15. In Sunder Dass v. Ram Parkash, AIR 1977 SC 1201, it is stated at page 1204 :

" Now, the law is well-settled that an executing court cannot go behind the decree nor can it question its legality or correctness. But there is one exception to this general rule and that is that where the decree sought to be executed is a nullity for lack of inherent jurisdiction in the court passing it, its invalidity can be set up in an execution proceeding. Where there is lack of inherent jurisdiction, it goes to the root of the competence of the court to try the case and a decree which is a nullity is void and can be declared to be void by any court in which it is presented. Its nullity can be set up whenever and wherever it is sought to be enforced or relied upon and even at the stage of execution or even in collateral proceedings. The executing court can, therefore, entertain an objection that the decree is a nullity and can refuse to execute the decree. By doing so, the executing court would not incur the reproach that it is going behind the decree, because the decree being null and void, there would really be no decree at all, vide Kiran Singh v. Chaman Paswan [1955] 1 SCR 117 ; AIR 1954 SC 340 and Hiralal Patni v. Kali Nath [1962] 2 SCR 747 ; AIR 1962 SC 199. It is, therefore, obvious that in the present case, it was competent to the executing court to examine whether the decree for eviction was a nullity on the ground that the civil court had no inherent jurisdiction to entertain the suit in which the decree for eviction was passed. If the decree for eviction was a nullity, the executing court could declare it to be such and decline to execute it against the respondent."

16. It is only in such cases where the court lacks inherent jurisdiction that the executing court can decline to execute the decree.

17. The plea of estoppel by election even if available is one which the judgment-debtor might and ought to have raised at the trial of the suit. Once the suit has ended in a decree, it is not open to the judgment-debtor to raise an objection at the execution stage that the decree ought not have been passed as the suit is barred by estoppel. The Privy Council in Jagadish Chandra Deo Dhabal Deb v. Gour Hari Mahato, AIR 1936 PC 258 has held that, unless a plea of res judicata is raised, the court is competent to go into the question on merits and the decree passed will not be lacking in jurisdiction.

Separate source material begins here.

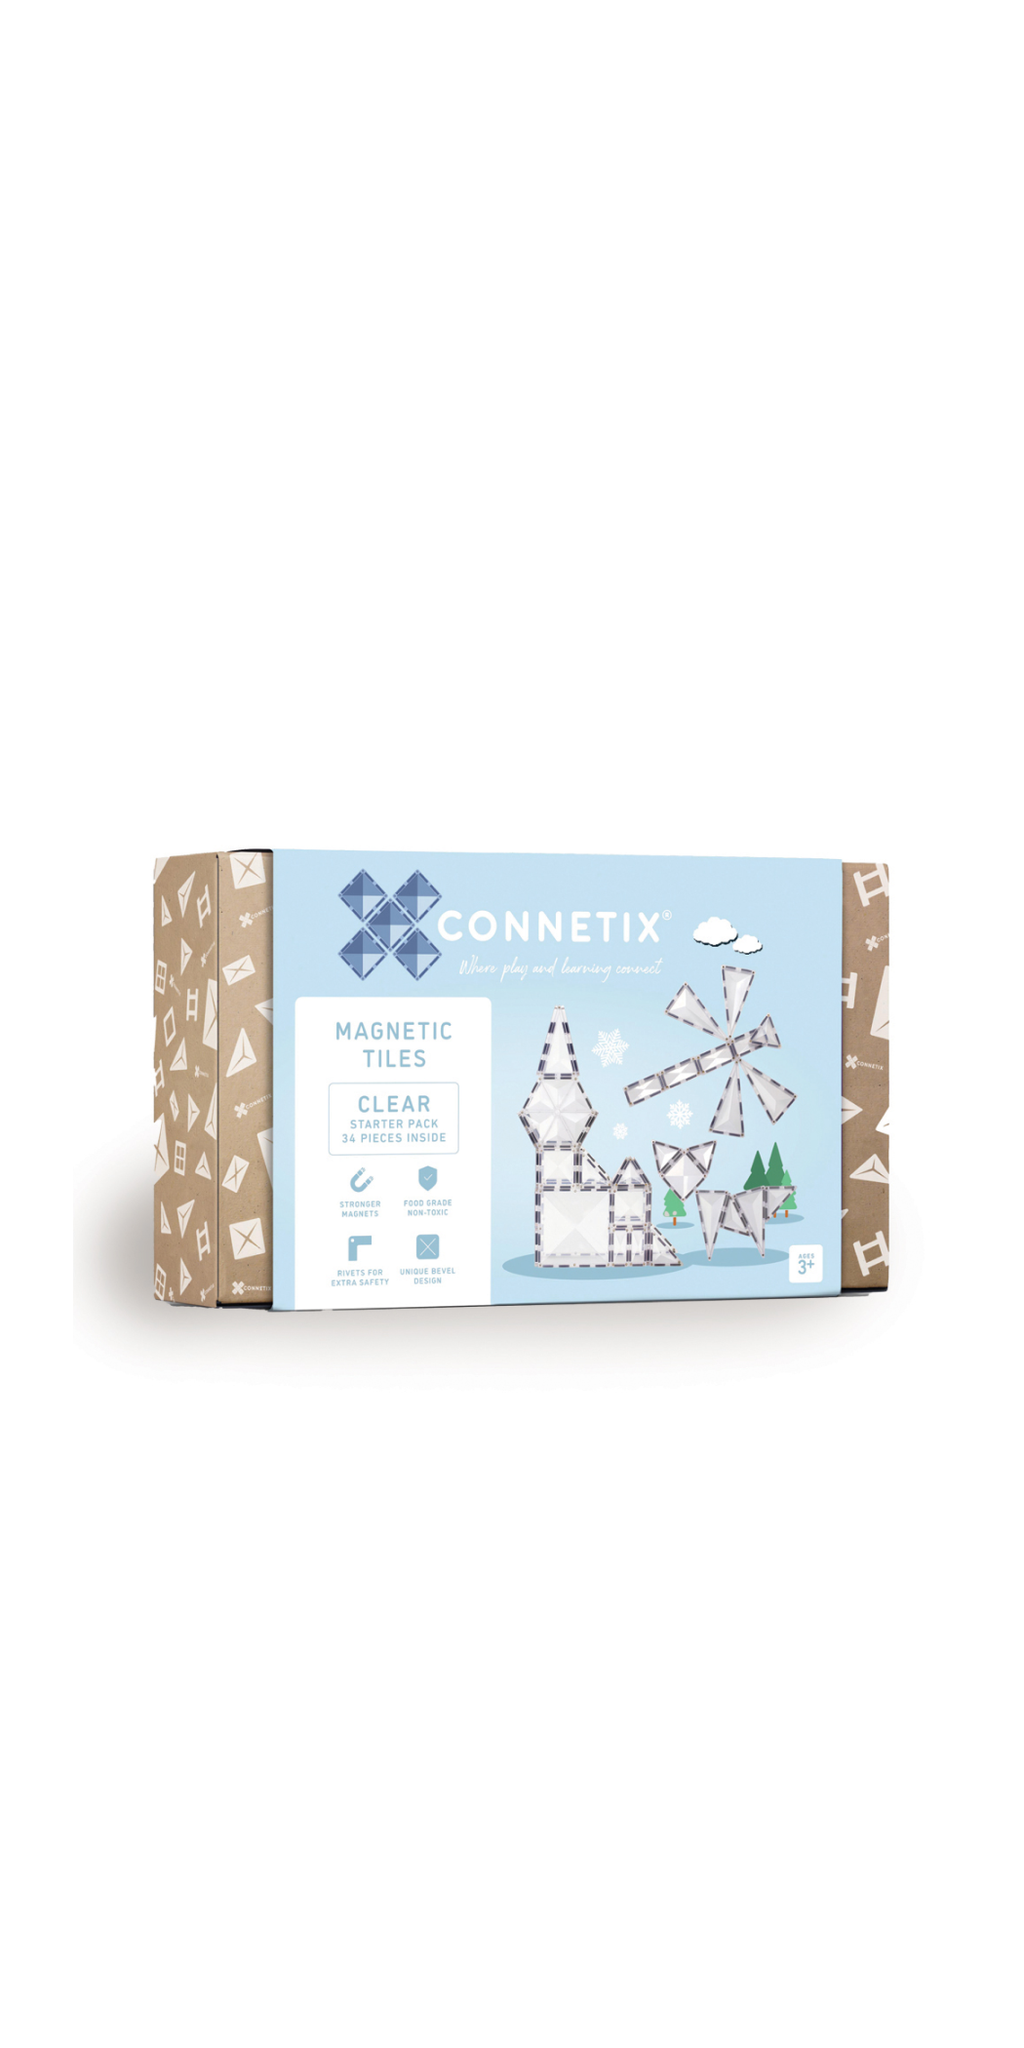 Connetix- new

18. In Ittyavira Mathai v. Varkey Varhey, AIR 1964 SC 907, it is held that a decree passed in a suit, entertained by ignoring the bar of limitation under Section 3 of the Limitation Act, is nevertheless a valid decree, and cannot be ignored as one passed without jurisdiction. In Craies on Statute Law, Seventh Edition, it is stated at page 269 :

" Where a statute deprives a person of a legal remedy, but does not deny him a cause of action ( e.g., the Statute of Frauds and its replacements or a Statute of Limitation), courts of justice, whether under the specific rules of procedure or under their general course of practice, treat the right of the defendant to bar the remedy as waived if he does not plead the statute which bars it. ' It is evident', said Alderson B., 'that a party who has a benefit given him by statute may waive it if he thinks fit '. "

19. It is thus clear that so long as the cause of action is not extinguished, there is no question of any inherent lack of jurisdiction. We are, therefore, of the view that Maniyan's case [1988] 2 KLT 722 ; [1991] 71 Comp Cas 328 (Ker), is not correctly decided.

20. For the aforesaid reasons, we set aside the order of the court below and restore E. P. No. 278 of 1988 to be proceeded with in accordance with law. The civil revision petition is allowed. The parties will suffer their respective costs.